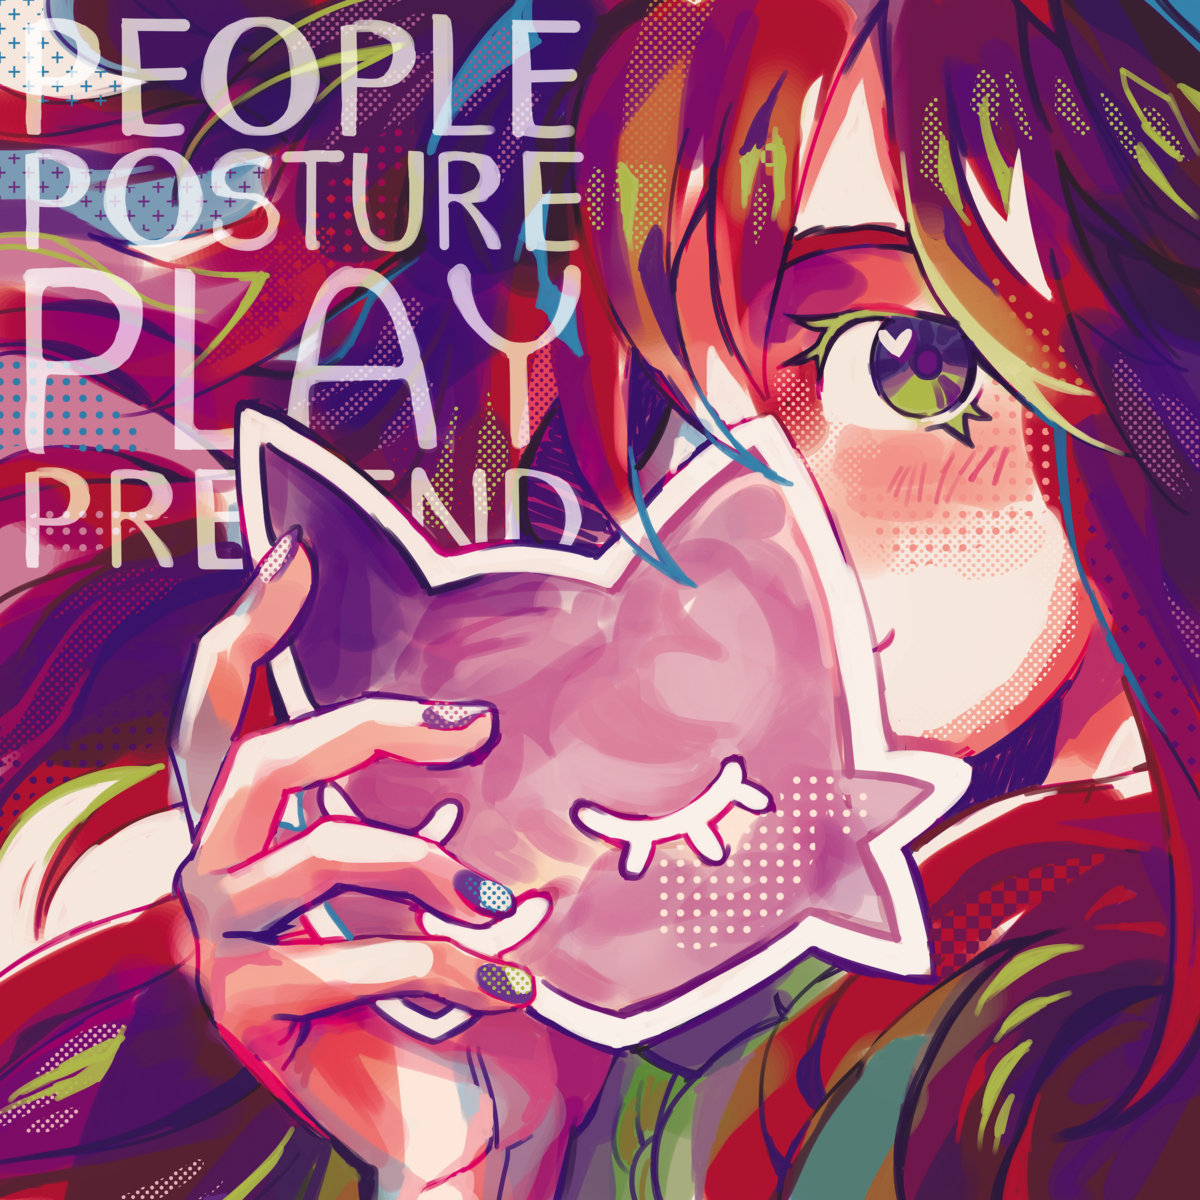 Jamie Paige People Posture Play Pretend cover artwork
---
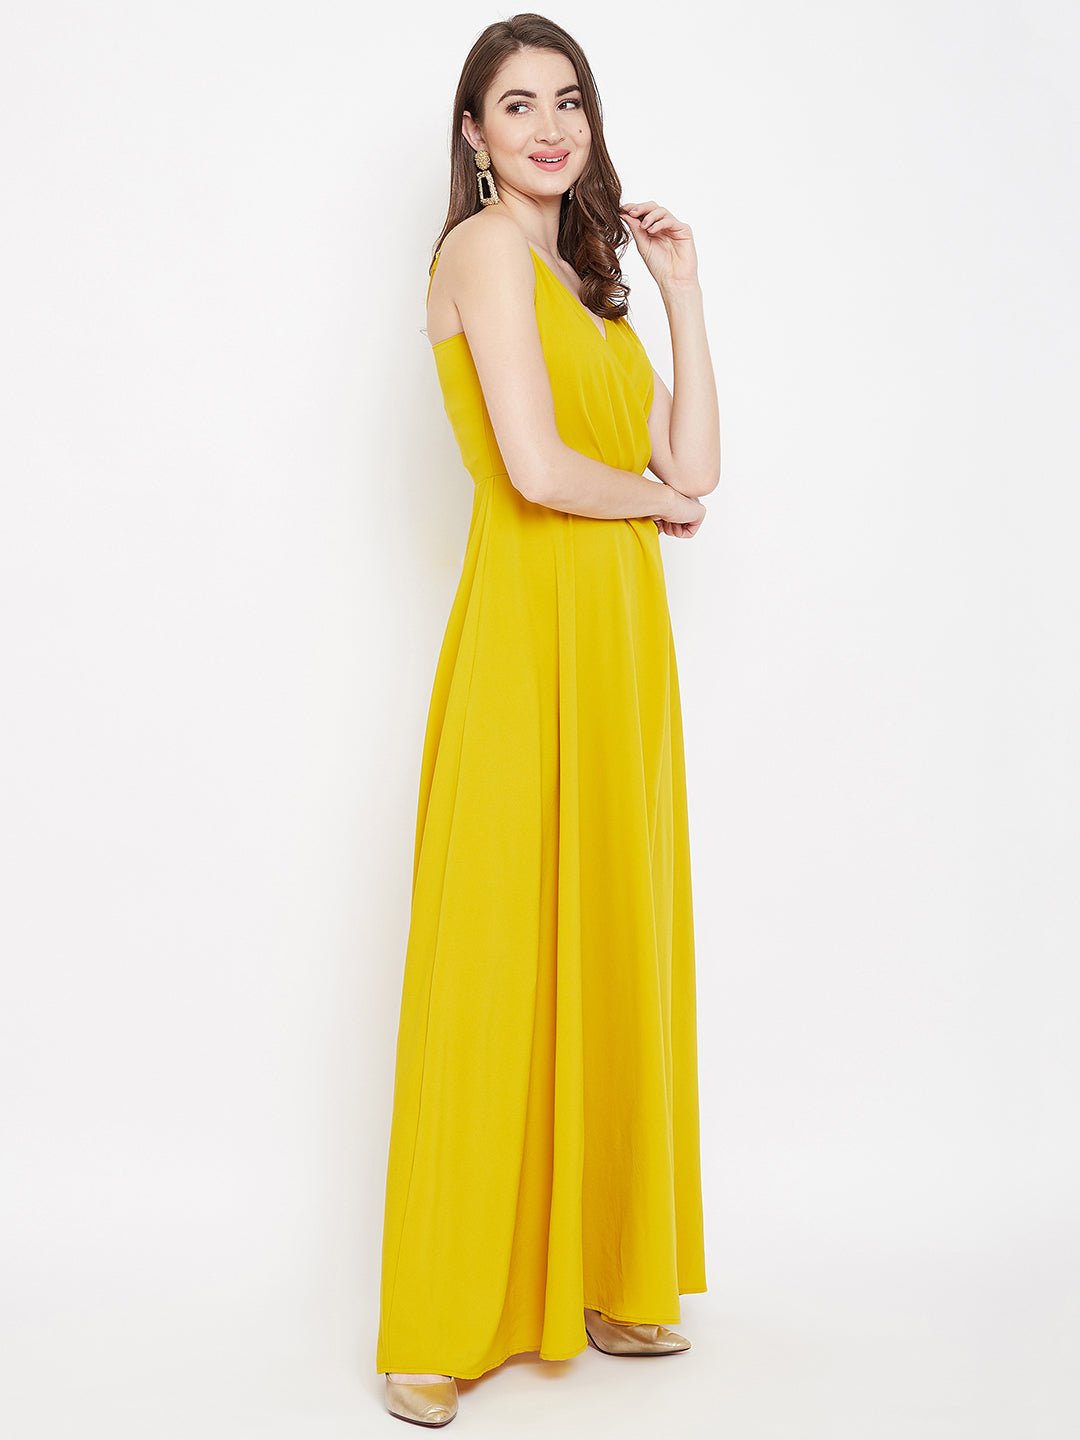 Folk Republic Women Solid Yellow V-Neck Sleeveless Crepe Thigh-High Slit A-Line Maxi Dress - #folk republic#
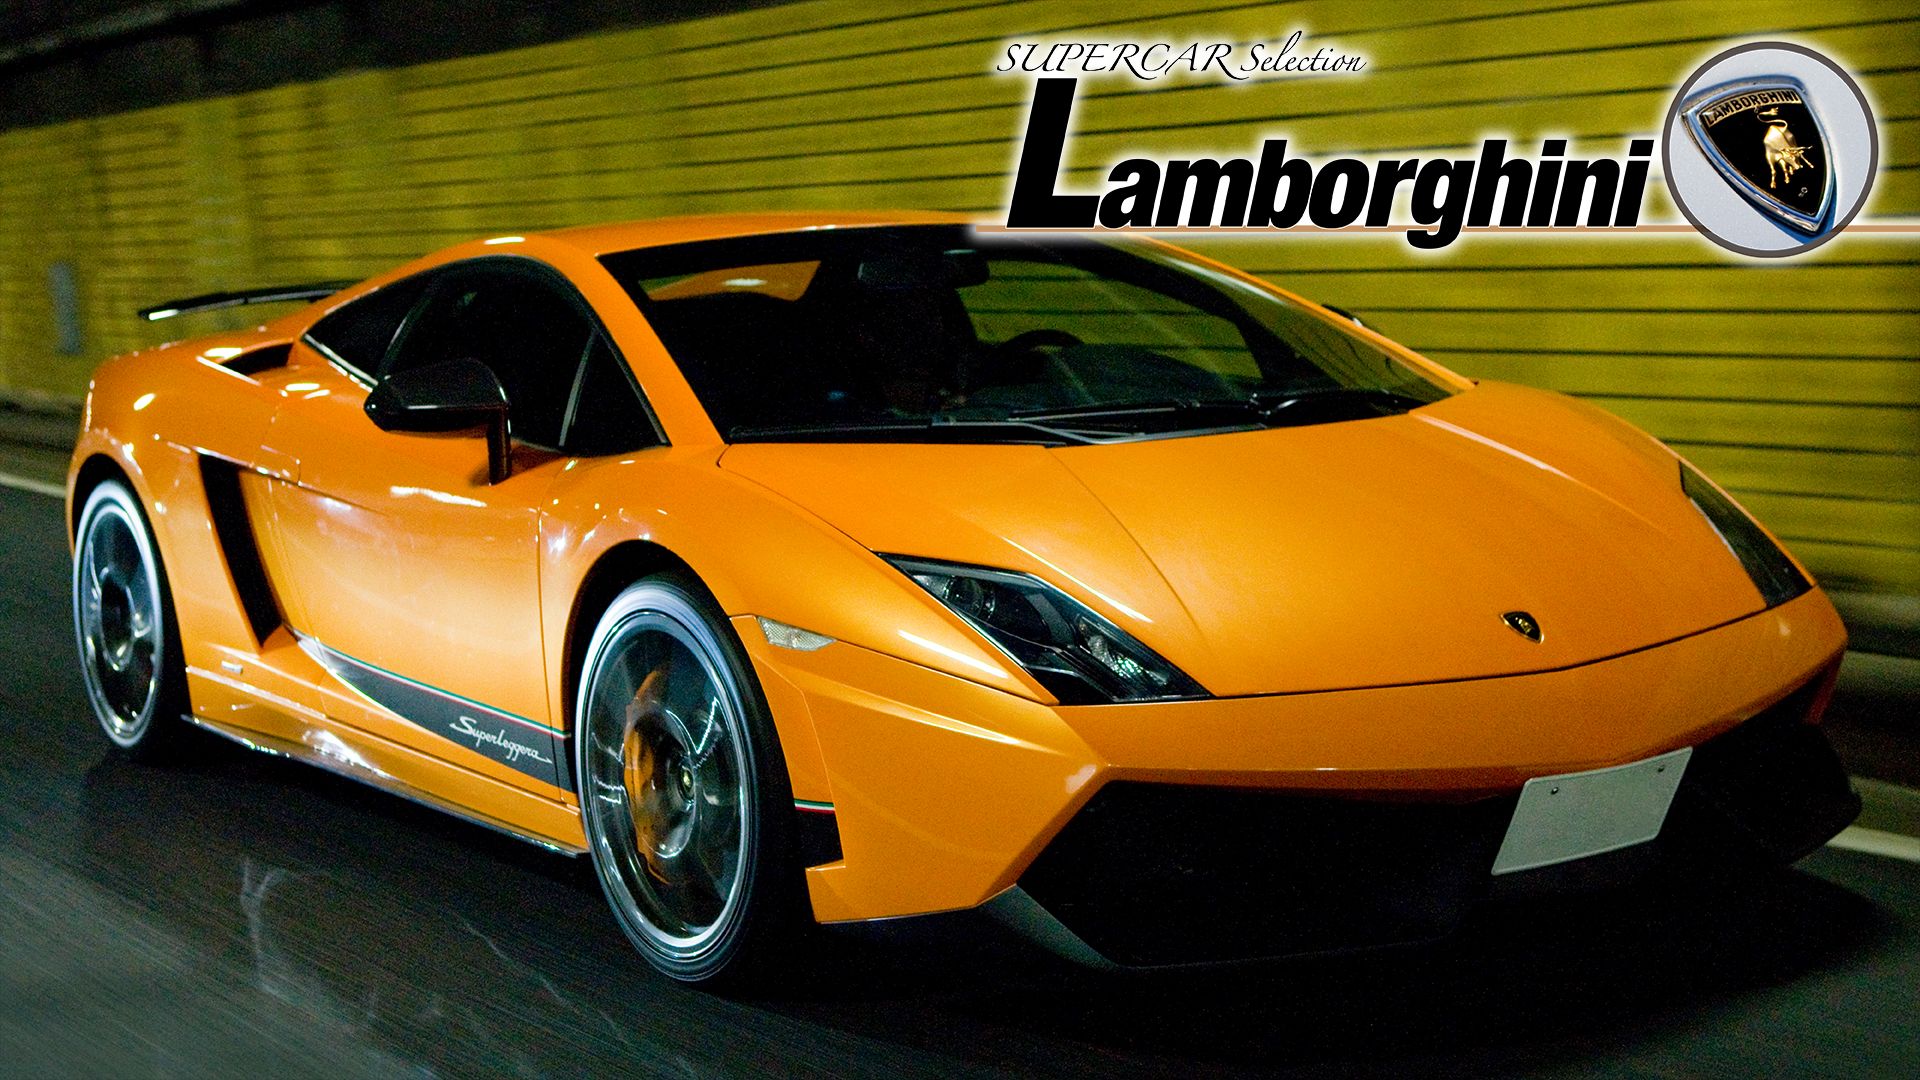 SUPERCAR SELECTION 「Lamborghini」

Your assignment: All that should appear in the answer is the lines above from the line with "Folk Republic Women" through the line with "SUPERCAR SELECTION 「Lamborghini」", retyped exactly, pictures left out.

Solution for this exercise:
 Folk Republic Women Solid Yellow V-Neck Sleeveless Crepe Thigh-High Slit A-Line Maxi Dress - #folk republic#
 SUPERCAR SELECTION 「Lamborghini」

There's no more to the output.